Bad Endorf – Bürgerwerkstatt zum Schulstandort – dass diese Veranstaltung rund drei Wochen vor dem Bürgerentscheid gut besucht sein würde, stand zu vermuten. Dass Stadtplaner Professor Martin Schirmer, Berater der Marktgemeinde beim ISEK-Verfahren, so eindringlich für eine neue Schullandschaft auf dem Gelände der jetzigen Mittelschule warb, kam ebenfalls nicht überraschend.
Seine Überlegung ist einfach: Das Ziel, die Bahnhofstraße von einer reinen Durchgangsschleuse zu einem lebendigen Marktboulevard werden zu lassen, braucht Platz, der nur über eine Reduzierung der Parkplätze zu gewinnen ist. Parkplätze aber sind für die Gewerbetreibenden und die Gastronomie entlang der Straße wichtig, und das Gewerbe selbst ist eine wesentliche Voraussetzung für die gewünschte Belebung der Straße.

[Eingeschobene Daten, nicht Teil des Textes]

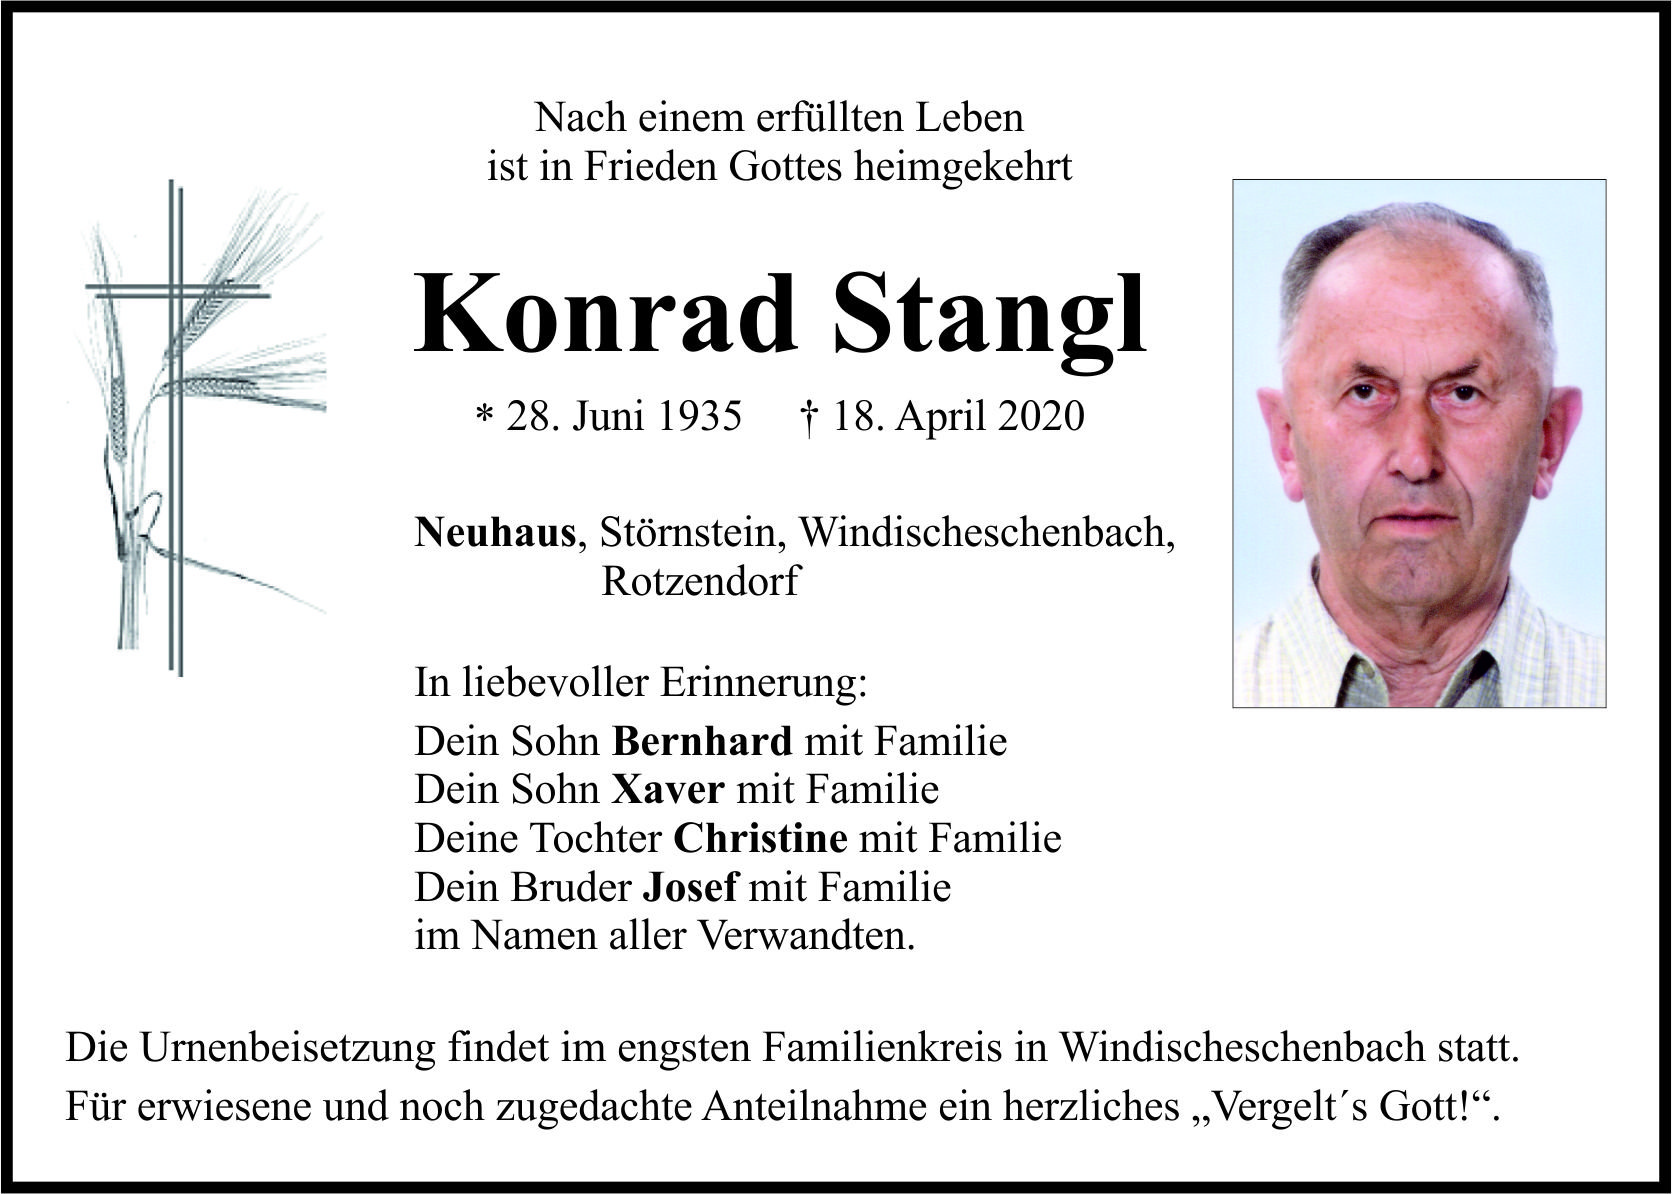 Traueranzeige Konrad Stangl

Folglich müssen die Parkplätze an anderer Stelle geschaffen werden, was zentrumsnah nur über eine Tiefgarage erfolgen kann, die unter dem Areal liegt, auf dem derzeit der Bauernmarkt angesiedelt ist. Auf dem Areal selbst wäre Platz für eine Wohnbebauung in moderater, dem Umfeld angepasster Dichte und Höhe, die dennoch 45 neue Wohneinheiten ermöglichen könnte. Die würden erschwinglichen Wohnraum bieten, der in der Marktgemeinde dringend benötigt wird.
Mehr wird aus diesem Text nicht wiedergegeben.